## Provided material
----
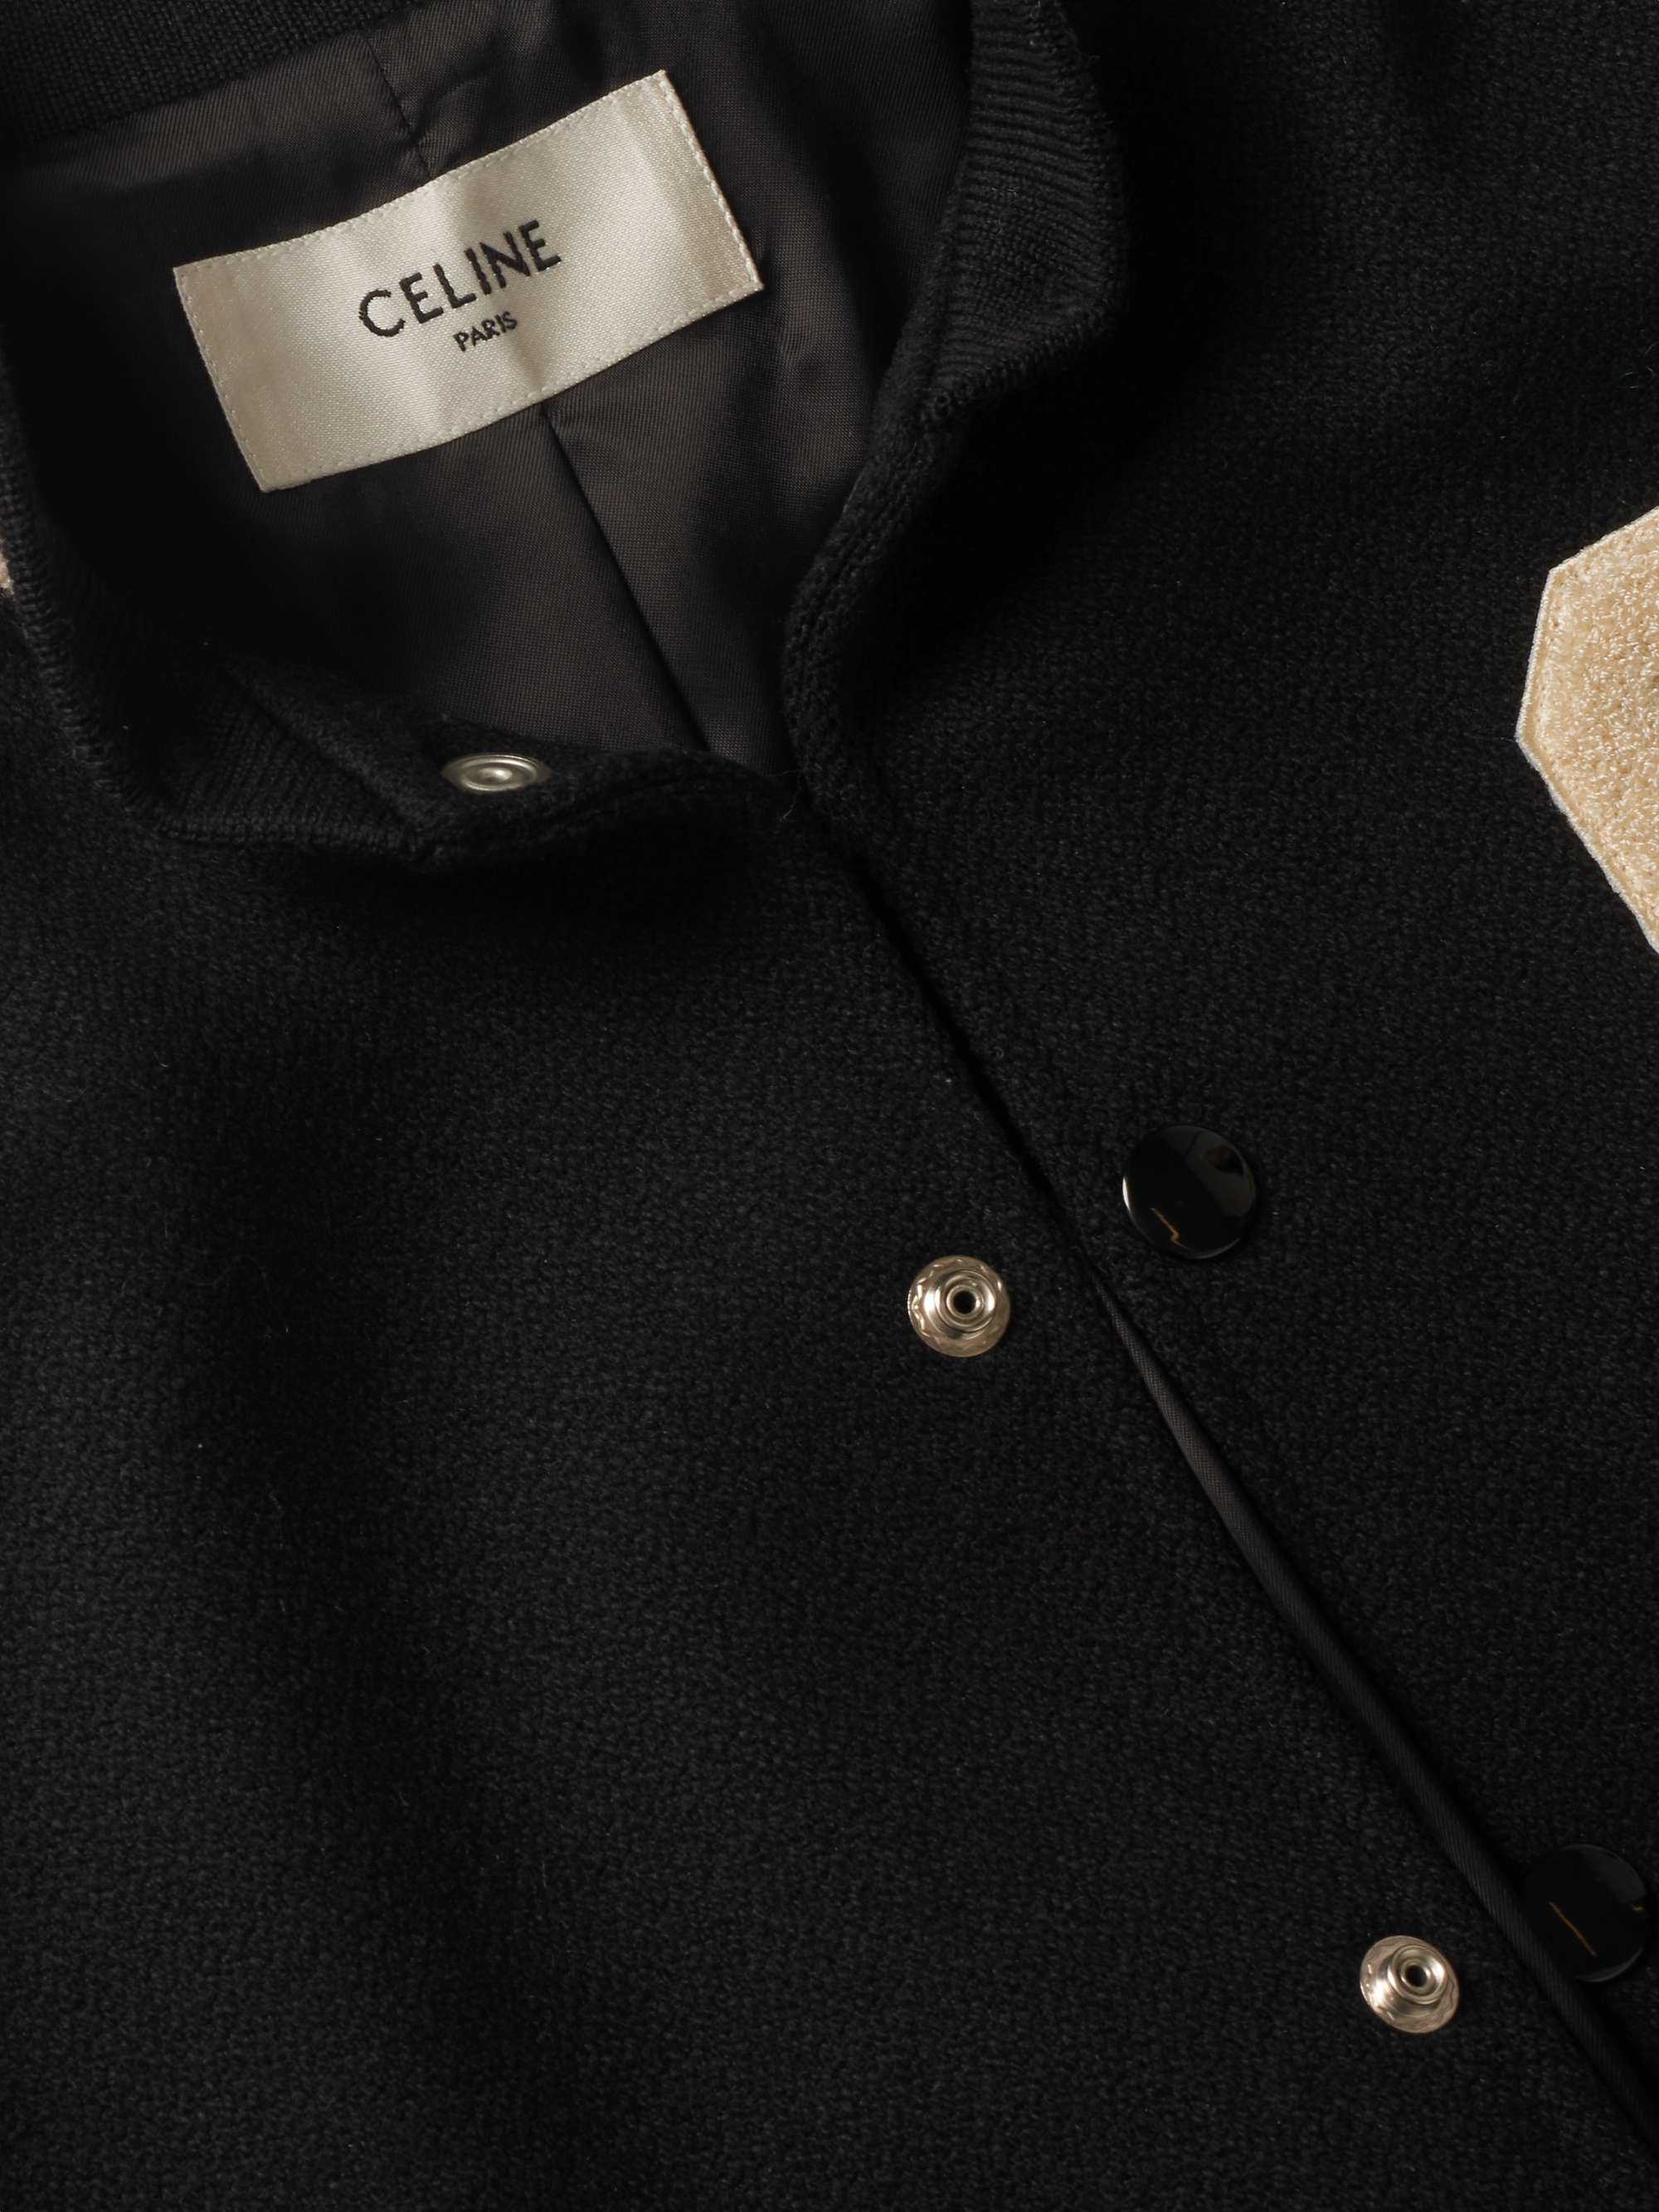 CELINE HOMME Appliquéd Wool-Blend and Leather Bomber Jacket
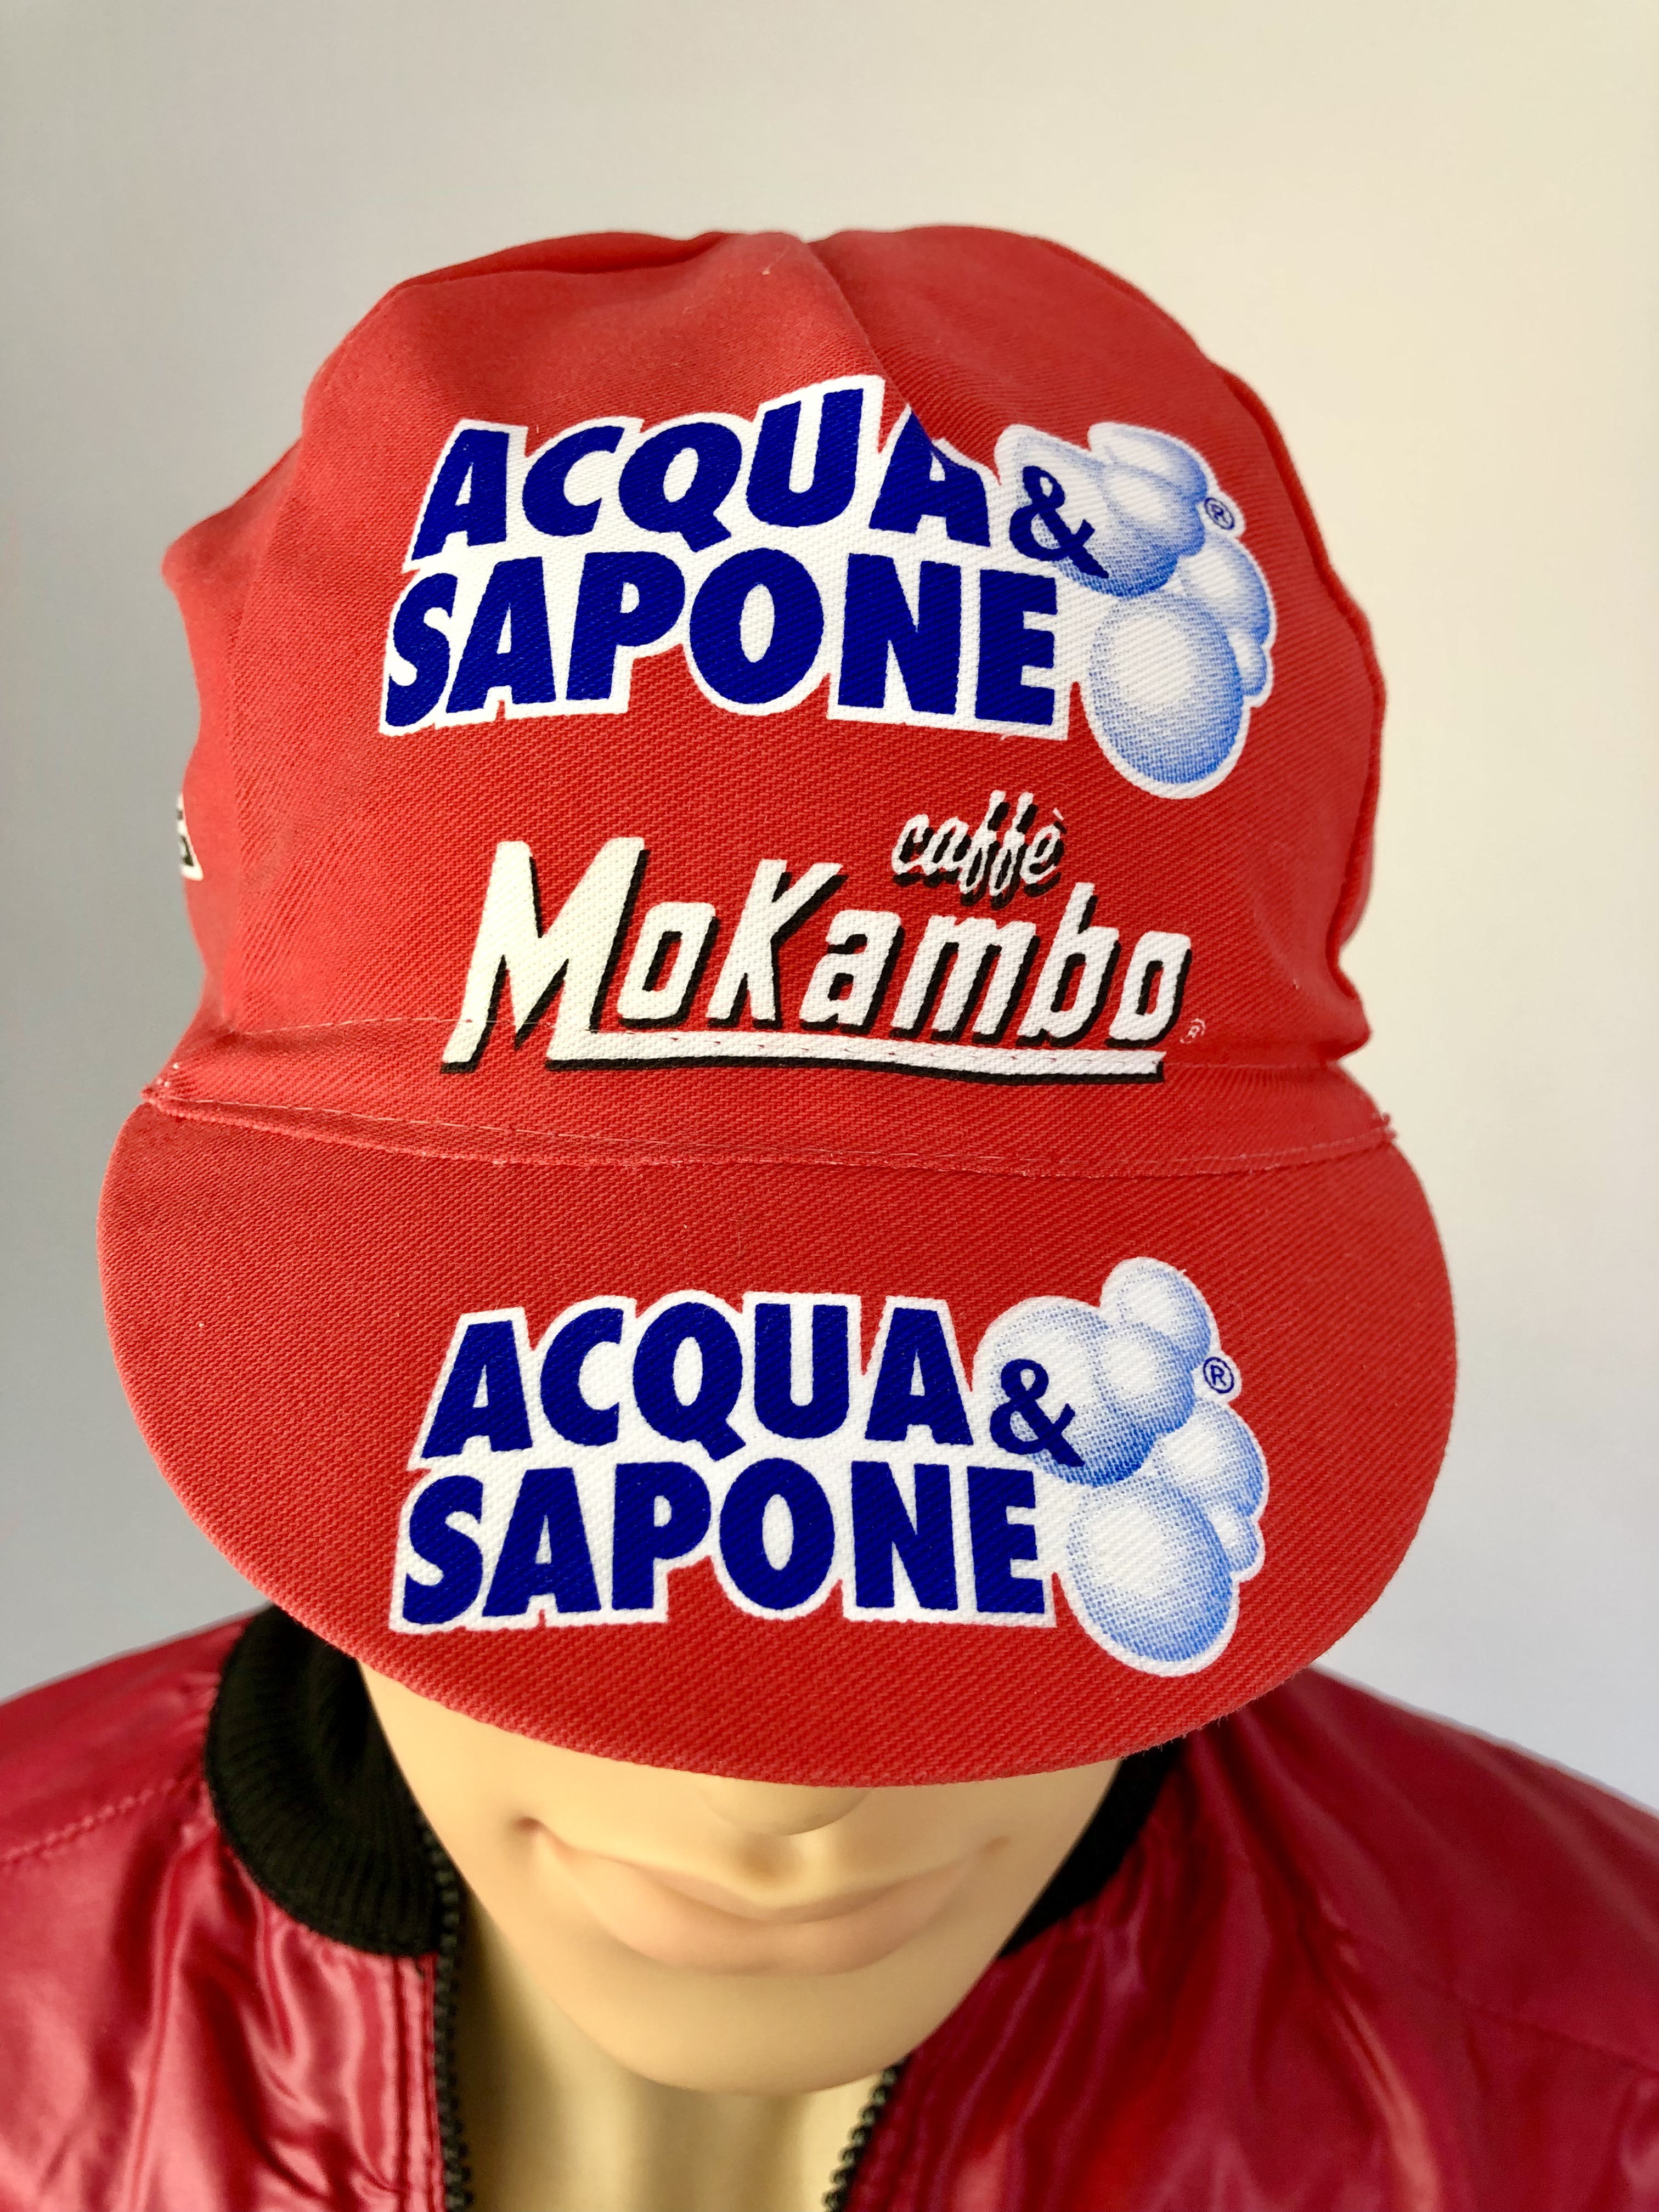 La Casquette Team Acqua & Sapone - MoKambo
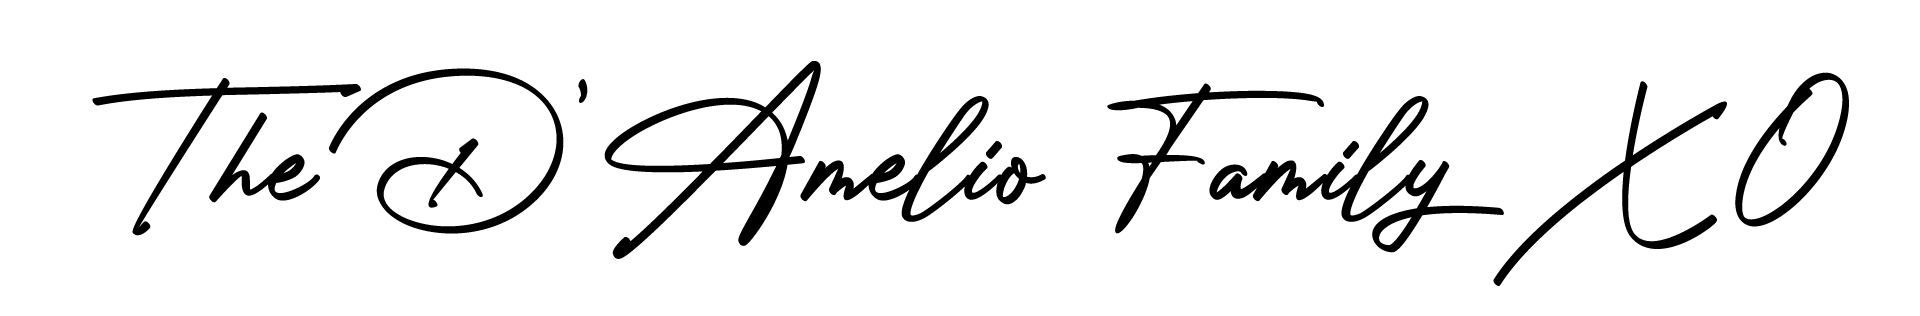 D'Amelio Family Signature
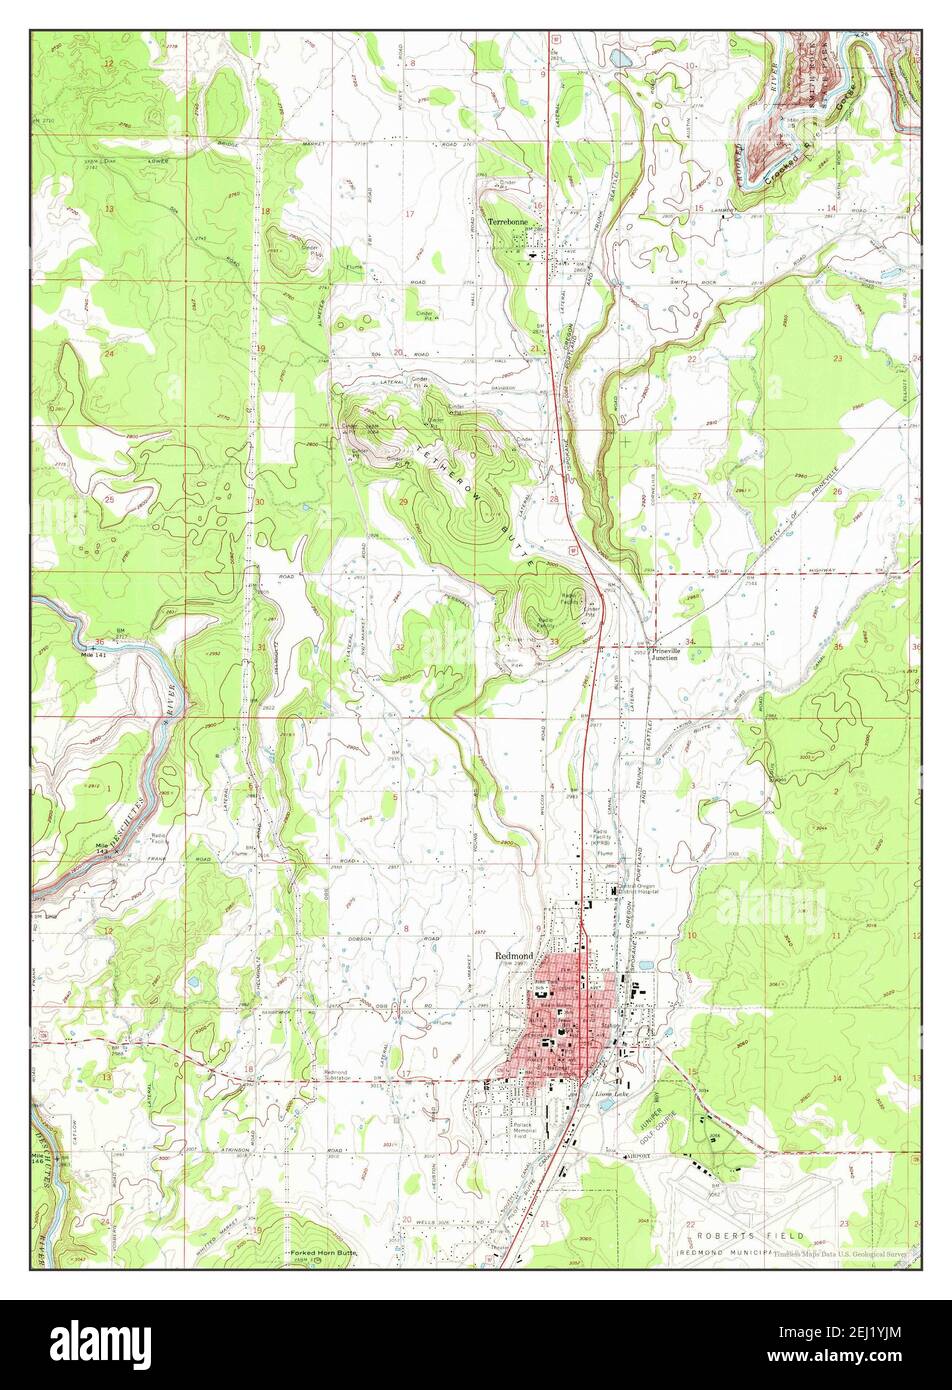 Redmond Oregon Map 1962 1 24000 Estados Unidos De America Por Timeless Maps Data U S Geological Survey 2ej1yjm
----
## Exercise instructions
Output the full material exactly as given, without its pictures.

## Response for this exercise
 CELINE HOMME Appliquéd Wool-Blend and Leather Bomber Jacket
 La Casquette Team Acqua & Sapone - MoKambo
 D'Amelio Family Signature
 Redmond Oregon Map 1962 1 24000 Estados Unidos De America Por Timeless Maps Data U S Geological Survey 2ej1yjm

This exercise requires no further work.